Stored entries:
- - - - -
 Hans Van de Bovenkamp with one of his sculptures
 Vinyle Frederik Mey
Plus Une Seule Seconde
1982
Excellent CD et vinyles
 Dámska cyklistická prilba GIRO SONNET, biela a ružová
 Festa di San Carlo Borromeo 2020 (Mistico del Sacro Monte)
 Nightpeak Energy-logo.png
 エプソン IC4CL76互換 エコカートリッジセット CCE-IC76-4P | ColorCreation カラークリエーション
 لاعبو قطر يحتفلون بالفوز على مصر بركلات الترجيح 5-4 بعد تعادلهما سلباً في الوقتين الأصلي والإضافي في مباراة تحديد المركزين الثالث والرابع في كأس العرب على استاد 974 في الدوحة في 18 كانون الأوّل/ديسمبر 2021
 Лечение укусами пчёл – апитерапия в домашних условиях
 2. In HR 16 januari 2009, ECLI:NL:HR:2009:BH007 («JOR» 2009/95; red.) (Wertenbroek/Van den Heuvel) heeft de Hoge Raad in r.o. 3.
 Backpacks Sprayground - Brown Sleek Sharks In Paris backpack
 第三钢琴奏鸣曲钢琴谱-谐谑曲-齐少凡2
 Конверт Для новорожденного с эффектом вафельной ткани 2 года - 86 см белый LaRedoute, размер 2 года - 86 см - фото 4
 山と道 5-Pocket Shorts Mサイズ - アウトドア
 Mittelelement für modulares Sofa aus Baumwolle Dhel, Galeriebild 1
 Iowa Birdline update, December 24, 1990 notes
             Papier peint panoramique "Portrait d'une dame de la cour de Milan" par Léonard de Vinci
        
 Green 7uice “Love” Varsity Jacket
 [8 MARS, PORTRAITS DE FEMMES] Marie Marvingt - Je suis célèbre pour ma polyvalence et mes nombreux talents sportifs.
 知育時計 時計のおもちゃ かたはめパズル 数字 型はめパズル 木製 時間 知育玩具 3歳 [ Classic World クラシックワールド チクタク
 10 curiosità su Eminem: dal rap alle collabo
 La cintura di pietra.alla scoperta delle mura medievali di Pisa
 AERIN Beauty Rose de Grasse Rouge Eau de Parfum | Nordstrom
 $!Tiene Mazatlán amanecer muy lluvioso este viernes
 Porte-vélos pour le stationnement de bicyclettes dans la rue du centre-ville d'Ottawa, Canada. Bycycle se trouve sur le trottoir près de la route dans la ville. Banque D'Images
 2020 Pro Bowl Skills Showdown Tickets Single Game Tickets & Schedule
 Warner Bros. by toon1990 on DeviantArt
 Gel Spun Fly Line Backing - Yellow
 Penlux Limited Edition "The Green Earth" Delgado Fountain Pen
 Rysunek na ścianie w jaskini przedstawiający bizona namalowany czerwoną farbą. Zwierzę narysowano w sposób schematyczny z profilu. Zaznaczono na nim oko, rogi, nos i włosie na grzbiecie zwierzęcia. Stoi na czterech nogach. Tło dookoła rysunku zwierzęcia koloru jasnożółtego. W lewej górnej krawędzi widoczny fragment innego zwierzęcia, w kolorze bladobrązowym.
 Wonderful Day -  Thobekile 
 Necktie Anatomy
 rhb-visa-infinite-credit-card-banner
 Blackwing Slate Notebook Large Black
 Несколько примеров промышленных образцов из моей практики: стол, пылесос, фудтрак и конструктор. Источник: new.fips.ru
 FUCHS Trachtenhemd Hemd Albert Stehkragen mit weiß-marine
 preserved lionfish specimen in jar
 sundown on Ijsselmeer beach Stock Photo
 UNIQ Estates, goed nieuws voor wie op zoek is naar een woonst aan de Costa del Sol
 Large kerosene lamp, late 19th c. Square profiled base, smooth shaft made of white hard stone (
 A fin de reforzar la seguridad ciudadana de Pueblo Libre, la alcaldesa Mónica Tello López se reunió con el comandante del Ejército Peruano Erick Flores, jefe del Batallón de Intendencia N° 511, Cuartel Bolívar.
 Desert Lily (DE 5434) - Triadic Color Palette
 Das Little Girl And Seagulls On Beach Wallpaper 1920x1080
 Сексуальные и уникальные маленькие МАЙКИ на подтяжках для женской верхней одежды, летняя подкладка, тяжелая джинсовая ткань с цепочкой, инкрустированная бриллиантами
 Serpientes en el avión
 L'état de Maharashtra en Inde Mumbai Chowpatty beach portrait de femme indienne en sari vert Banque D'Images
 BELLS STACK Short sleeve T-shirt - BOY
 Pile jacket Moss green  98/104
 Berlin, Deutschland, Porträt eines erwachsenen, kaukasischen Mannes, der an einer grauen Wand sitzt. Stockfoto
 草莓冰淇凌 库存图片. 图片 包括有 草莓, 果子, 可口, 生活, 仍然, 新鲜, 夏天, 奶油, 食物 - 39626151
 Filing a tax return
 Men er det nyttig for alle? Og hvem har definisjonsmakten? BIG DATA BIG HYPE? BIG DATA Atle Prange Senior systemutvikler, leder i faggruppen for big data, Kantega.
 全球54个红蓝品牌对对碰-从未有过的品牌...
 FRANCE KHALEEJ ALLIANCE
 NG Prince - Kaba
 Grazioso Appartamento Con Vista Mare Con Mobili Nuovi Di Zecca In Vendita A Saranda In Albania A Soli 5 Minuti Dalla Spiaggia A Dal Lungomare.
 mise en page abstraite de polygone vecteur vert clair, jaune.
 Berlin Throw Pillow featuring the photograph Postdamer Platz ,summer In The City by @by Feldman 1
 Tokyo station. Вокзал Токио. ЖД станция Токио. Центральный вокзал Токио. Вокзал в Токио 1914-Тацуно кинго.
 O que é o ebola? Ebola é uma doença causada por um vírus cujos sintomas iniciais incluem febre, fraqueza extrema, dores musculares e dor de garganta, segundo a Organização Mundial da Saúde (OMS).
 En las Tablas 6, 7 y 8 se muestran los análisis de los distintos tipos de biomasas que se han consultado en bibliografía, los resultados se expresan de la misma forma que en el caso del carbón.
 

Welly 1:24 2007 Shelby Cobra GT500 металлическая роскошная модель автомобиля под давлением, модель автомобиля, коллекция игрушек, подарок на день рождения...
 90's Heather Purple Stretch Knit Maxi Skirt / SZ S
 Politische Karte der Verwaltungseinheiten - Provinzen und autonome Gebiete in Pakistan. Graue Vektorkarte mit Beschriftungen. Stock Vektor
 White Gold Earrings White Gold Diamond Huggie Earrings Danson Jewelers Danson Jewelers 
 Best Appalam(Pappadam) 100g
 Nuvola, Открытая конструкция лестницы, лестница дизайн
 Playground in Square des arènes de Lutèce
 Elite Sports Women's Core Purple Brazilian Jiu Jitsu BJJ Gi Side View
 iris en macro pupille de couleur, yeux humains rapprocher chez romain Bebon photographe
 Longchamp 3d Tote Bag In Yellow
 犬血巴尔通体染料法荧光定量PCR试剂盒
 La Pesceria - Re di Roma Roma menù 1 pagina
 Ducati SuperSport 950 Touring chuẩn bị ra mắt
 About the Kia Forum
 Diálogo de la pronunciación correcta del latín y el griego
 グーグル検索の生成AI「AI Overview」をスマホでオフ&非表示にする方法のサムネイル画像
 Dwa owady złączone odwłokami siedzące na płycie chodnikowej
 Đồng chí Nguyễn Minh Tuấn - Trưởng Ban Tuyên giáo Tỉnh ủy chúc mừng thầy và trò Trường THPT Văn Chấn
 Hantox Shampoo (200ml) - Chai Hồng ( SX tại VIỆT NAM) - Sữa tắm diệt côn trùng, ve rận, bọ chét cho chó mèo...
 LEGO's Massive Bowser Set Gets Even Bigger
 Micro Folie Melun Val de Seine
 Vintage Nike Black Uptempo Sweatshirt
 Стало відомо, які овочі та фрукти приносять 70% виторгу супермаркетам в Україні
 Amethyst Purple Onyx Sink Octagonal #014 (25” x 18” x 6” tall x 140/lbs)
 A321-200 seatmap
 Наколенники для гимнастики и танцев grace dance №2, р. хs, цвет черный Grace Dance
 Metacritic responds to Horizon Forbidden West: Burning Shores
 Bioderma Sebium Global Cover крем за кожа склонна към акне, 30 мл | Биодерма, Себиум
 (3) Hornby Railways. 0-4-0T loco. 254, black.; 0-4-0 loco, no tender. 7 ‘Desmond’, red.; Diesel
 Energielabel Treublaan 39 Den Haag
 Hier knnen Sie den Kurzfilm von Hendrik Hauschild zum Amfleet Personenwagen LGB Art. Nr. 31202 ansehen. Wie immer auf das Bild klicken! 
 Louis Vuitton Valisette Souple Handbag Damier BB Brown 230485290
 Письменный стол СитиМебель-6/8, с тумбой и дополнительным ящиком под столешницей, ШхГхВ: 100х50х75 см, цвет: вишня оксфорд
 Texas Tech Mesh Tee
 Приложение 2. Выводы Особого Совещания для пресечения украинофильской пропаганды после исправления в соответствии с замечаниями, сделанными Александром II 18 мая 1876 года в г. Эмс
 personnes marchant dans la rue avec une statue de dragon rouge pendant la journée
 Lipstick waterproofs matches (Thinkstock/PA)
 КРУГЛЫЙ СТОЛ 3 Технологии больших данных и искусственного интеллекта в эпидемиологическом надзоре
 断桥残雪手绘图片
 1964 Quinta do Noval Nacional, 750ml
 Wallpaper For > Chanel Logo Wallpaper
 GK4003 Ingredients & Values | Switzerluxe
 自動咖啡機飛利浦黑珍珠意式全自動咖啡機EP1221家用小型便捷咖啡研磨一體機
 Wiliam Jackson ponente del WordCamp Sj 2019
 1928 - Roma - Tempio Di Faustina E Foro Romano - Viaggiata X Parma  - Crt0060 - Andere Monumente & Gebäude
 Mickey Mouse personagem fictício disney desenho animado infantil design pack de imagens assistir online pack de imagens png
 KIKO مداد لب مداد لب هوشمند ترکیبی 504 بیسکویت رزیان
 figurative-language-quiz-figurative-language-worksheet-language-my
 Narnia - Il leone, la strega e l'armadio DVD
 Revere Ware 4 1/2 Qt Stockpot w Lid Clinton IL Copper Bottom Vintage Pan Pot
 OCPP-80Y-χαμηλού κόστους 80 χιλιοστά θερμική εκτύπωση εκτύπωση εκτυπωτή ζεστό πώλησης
- - - - -
- _Your instructions_: From the records above, transcribe without alteration every line from the one with "preserved lionfish specimen in jar" to the one with "Large kerosene lamp, late", inclusive.

- _Output of the task_:
 preserved lionfish specimen in jar
 sundown on Ijsselmeer beach Stock Photo
 UNIQ Estates, goed nieuws voor wie op zoek is naar een woonst aan de Costa del Sol
 Large kerosene lamp, late 19th c. Square profiled base, smooth shaft made of white hard stone (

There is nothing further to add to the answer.